5:01:26 drmeister Yup

5:01:50 stassats it only says [ 7/356] Compiling src/gctools/mygc.c, but i need to rebuild protli.c

5:02:34 drmeister My understanding is that mygc.c includes ALL of the MPS code transitively.

5:02:47 stassats let's see

5:02:48 drmeister You could use nm to check if the symbol for the function you are editing is in there.

5:03:06 stassats waiting for the linker

5:03:12 drmeister the mygc.c.4.o is a bitcode file. You could also llvm-dis it and look at the human readable .ll file.

5:03:34 stassats i'm not that kind of human to be able to read .ll files

5:04:16 drmeister What is the name of the function you are editing?

5:04:39 stassats it's a secret

5:04:41 drmeister sigHandle?

5:05:20 drmeister Information wants to be free.

5:05:34 stassats blimey, didn't export LIBRARY_PATH=/usr/local/lib/ relinking again

5:05:43 stassats drmeister: wrong information needs to be chained down

5:06:58 stassats so slow linking

5:07:22 drmeister https://github.com/Ravenbrook/mps/blob//code/mps.c#L33

5:07:57 drmeister mps.c is included in mygc.c and mps.c includes EVERYTHING in MPS

5:08:00 stassats 404

5:09:27 drmeister Huh

5:10:00 drmeister https://github.com/Ravenbrook/mps/blob/master/code/mps.c#L33

5:14:00 stassats doesn't look it got recompiled

5:14:03 stassats oh well

5:15:44 drmeister Oh - wait - are you using cclasp-mps and build ./waf build_imps?

5:16:16 stassats yeah

5:16:54 drmeister I wasn't clear. ./waf build_imps will rebuild iclasp-mps - you could run that. Alternatively you can use ./waf build_cmps and that will relink cclasp-mps - but that takes longer because it recompiles some Common Lisp and relinks everything with everything to make cclasp-mps.

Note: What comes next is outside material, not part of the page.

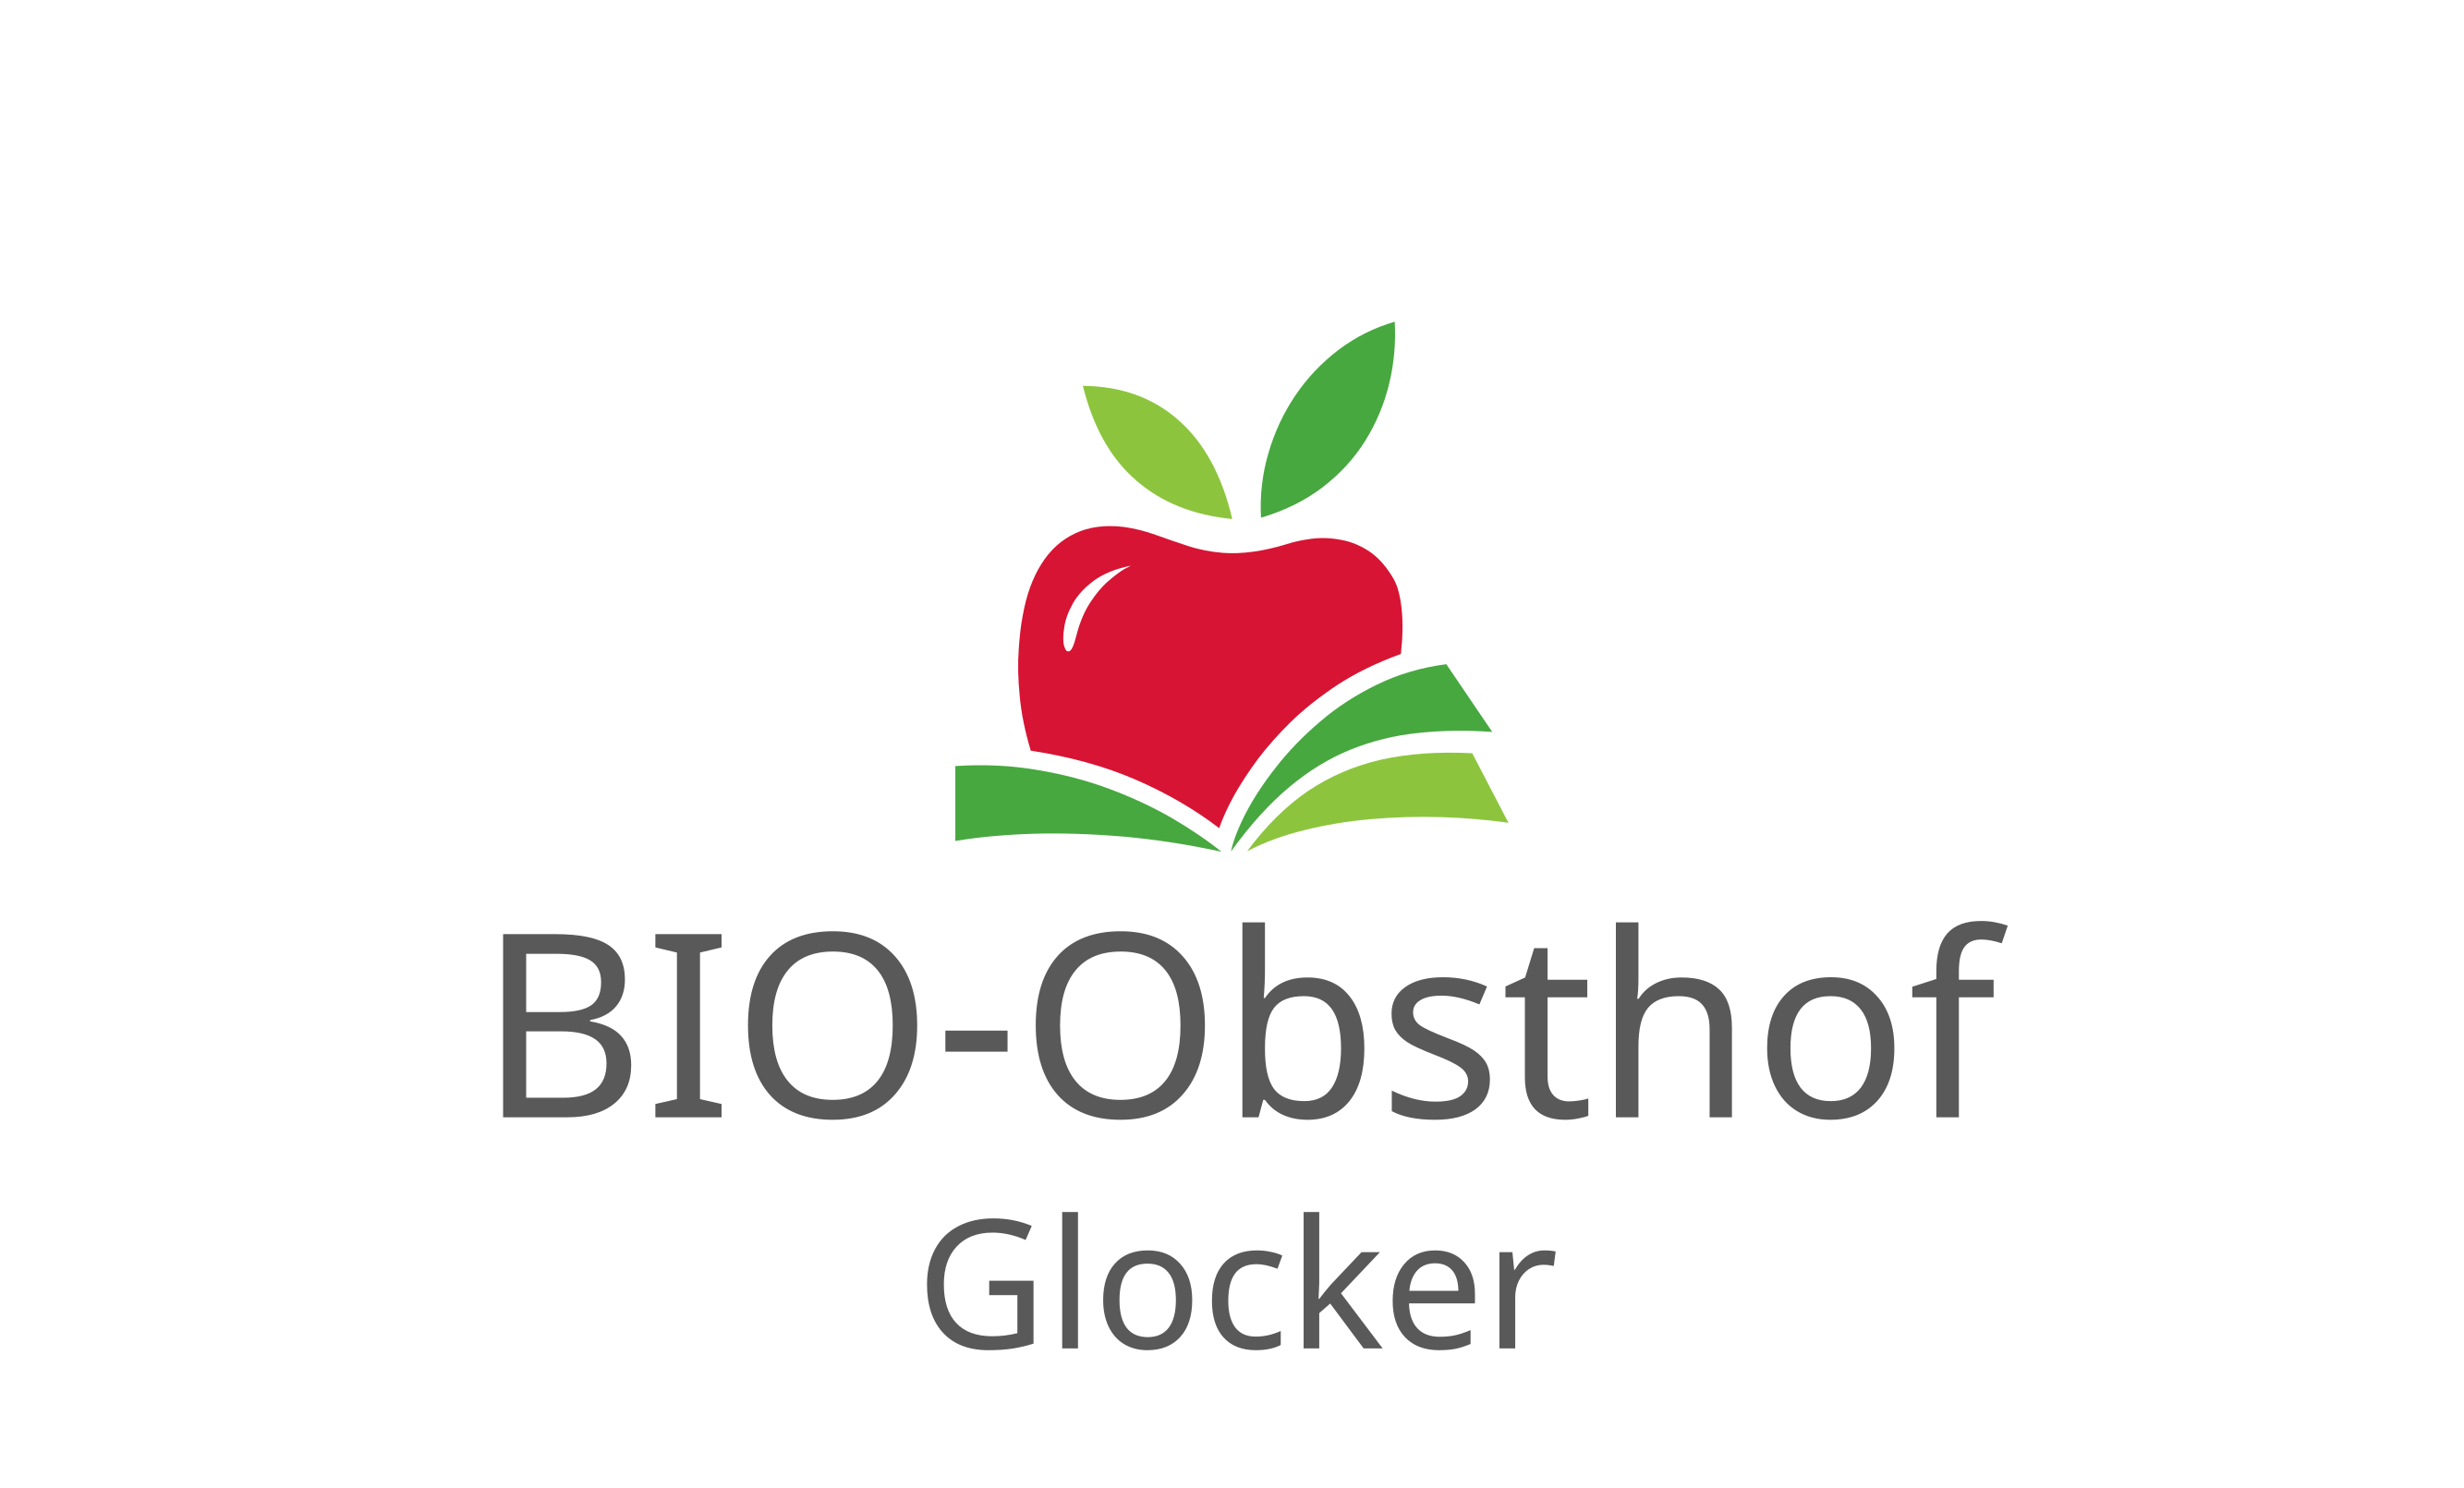 Bio-Obsthof Glocker

5:17:17 stassats what does iclasp-mps give me?

5:17:21 stassats everything?

5:17:36 drmeister It is the C++ executable and it loads the fasl/cclasp-mps-image.fasl.

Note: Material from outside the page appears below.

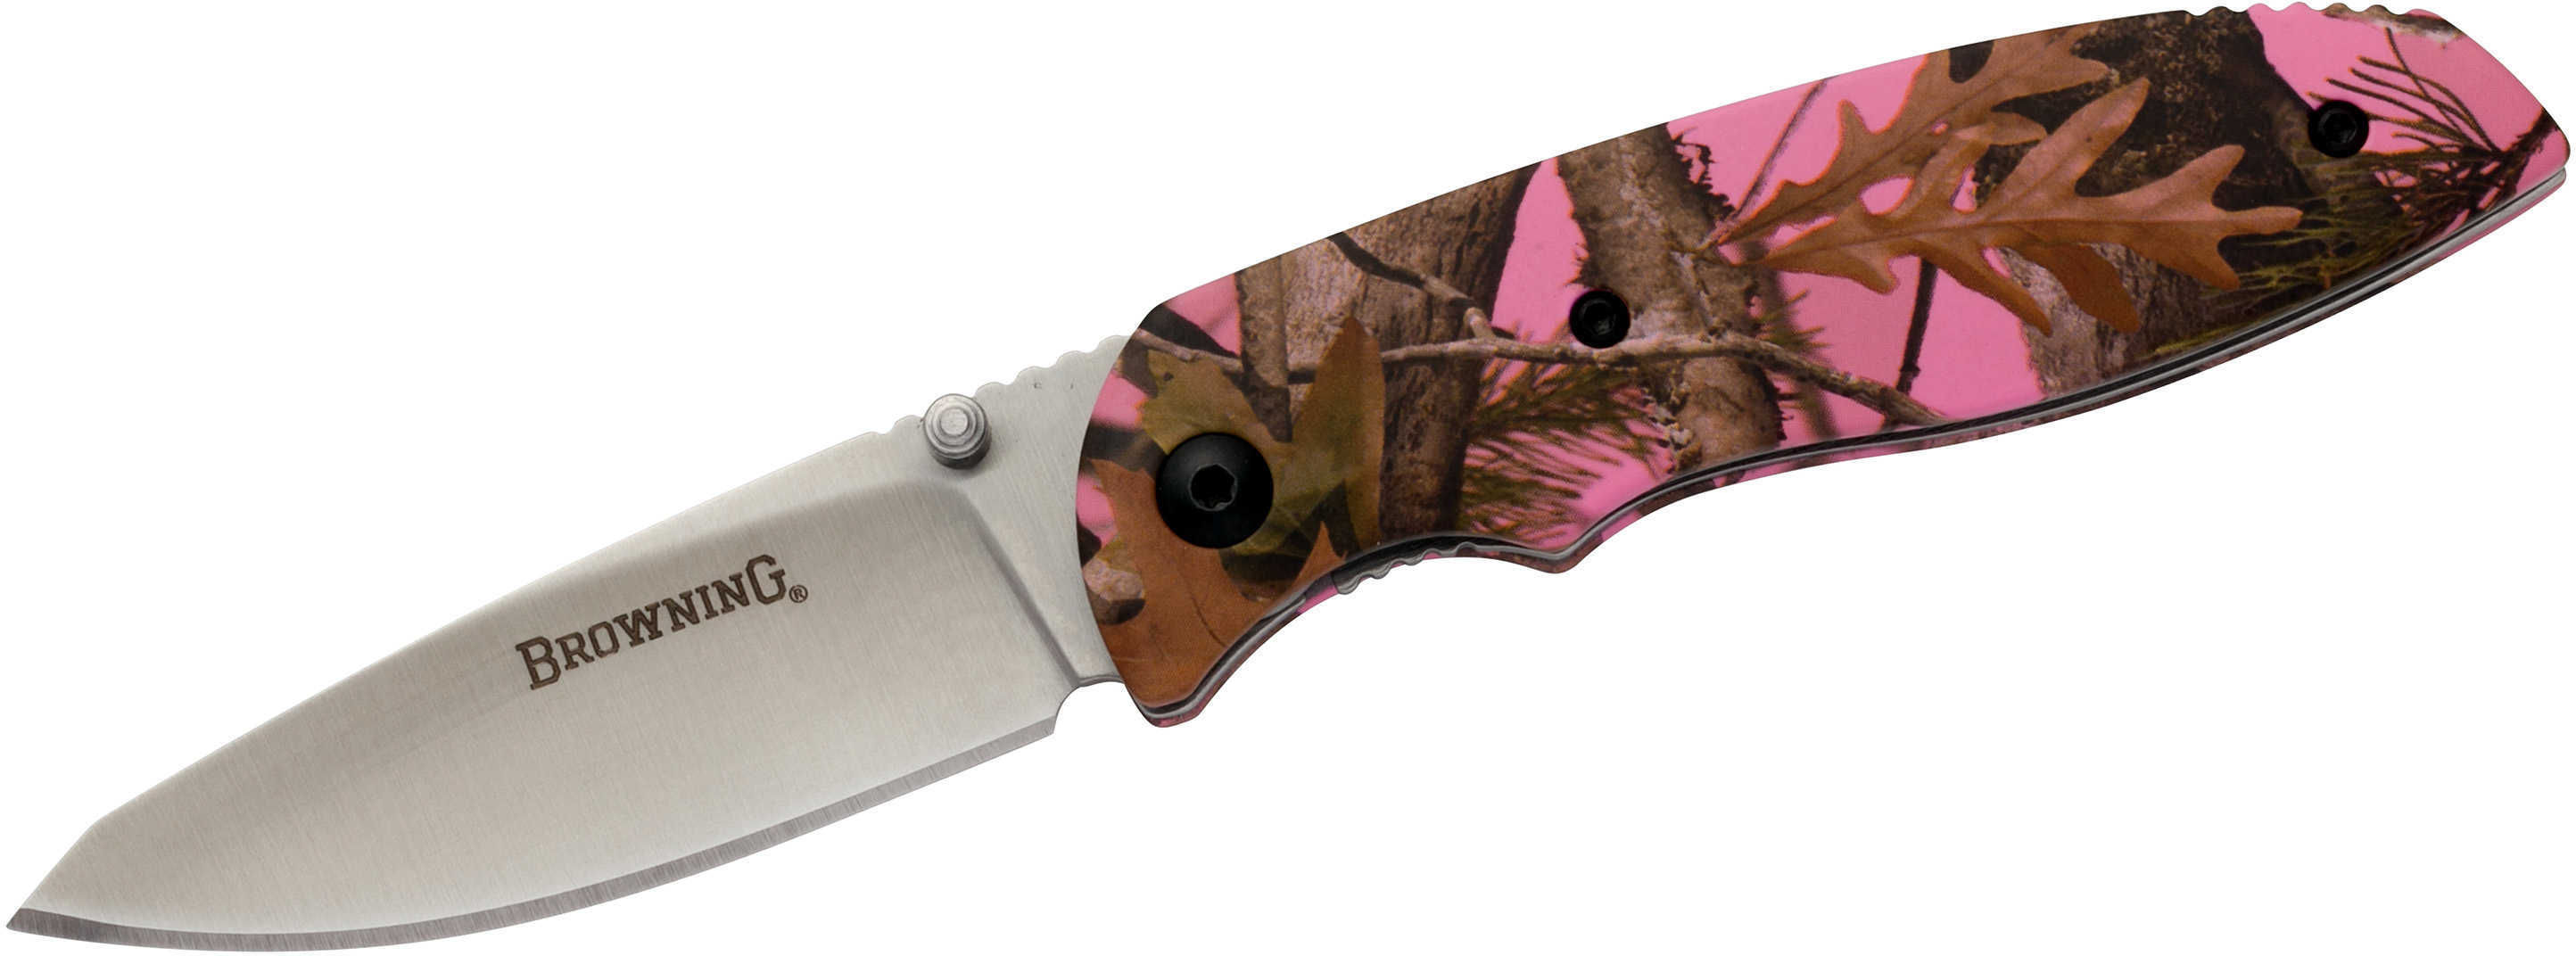 Browning EDC Folder Knife Pink Camouflage Md: 3220250

5:18:18 drmeister It shouldn't be different - but it may be - I don't understand this error and I don't know if iclasp-boehm will reproduce the same error as cclasp-boehm.

5:18:30 stassats Bad client pointer 0x7f74c5bc7b68

5:18:30 stassats The MPS detected a problem!

5:18:45 drmeister Hmmm.

5:19:20 stassats Add support for unknown (immediate?) object to lisp_instance_class obj = 0xffffffffffffffff

5:19:39 drmeister Double Hmmm

5:20:31 drmeister My knee jerk reaction is to turn on the guards and rebuild and see if we can track it down then. It's a lot more fun tracking down GC problems with the guards on.

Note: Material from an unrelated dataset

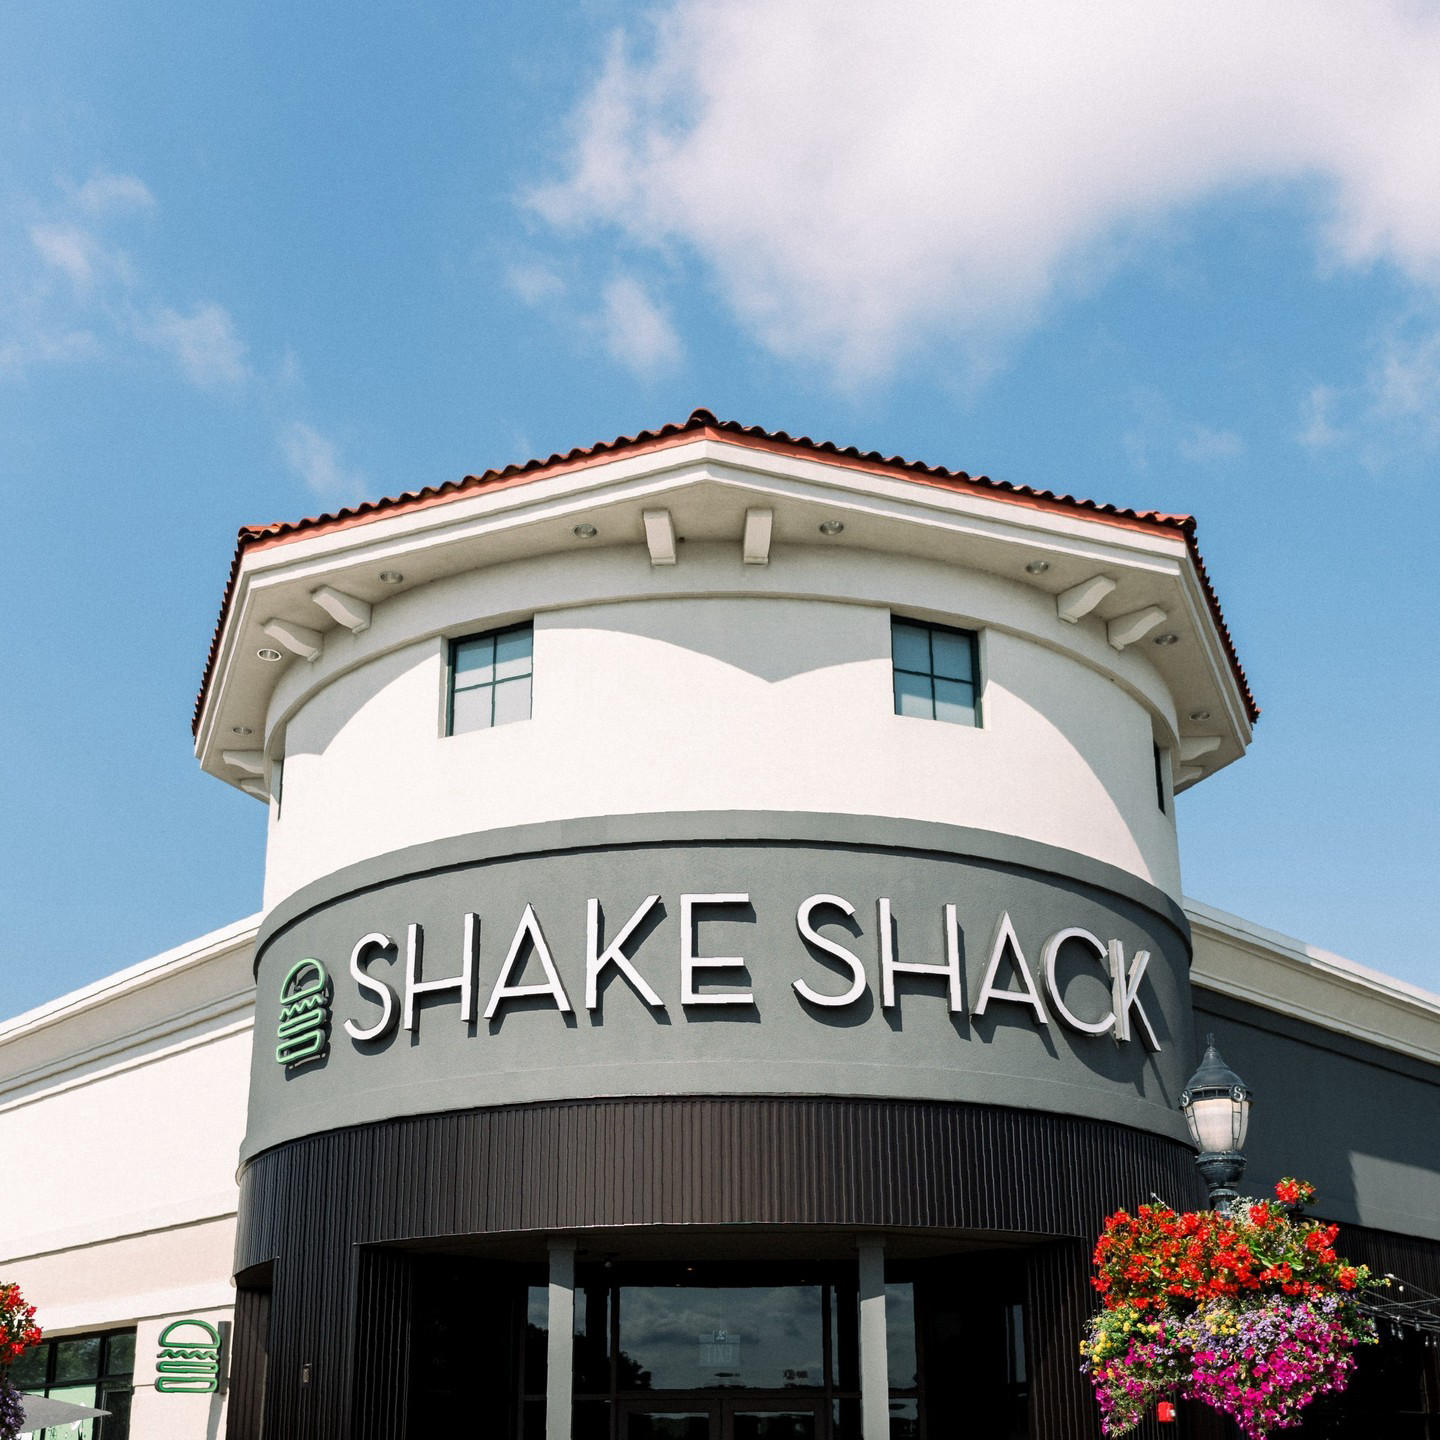 SHAKE SHACK - Nothing but blue skies and ShackBurgers ahead

5:21:49 drmeister I added DEBUG_GUARD=1 to clasp/wscript.conf and...

5:21:58 drmeister I uncommented these in the wscript file:

5:22:02 drmeister https://www.irccloud.com/pastebin/YkDvnt5w/

5:22:54 drmeister CONFIG_VAR_COOL turns on assertions in MPS and the other three cause clasp to check objects for validity. They don't slow things down too much.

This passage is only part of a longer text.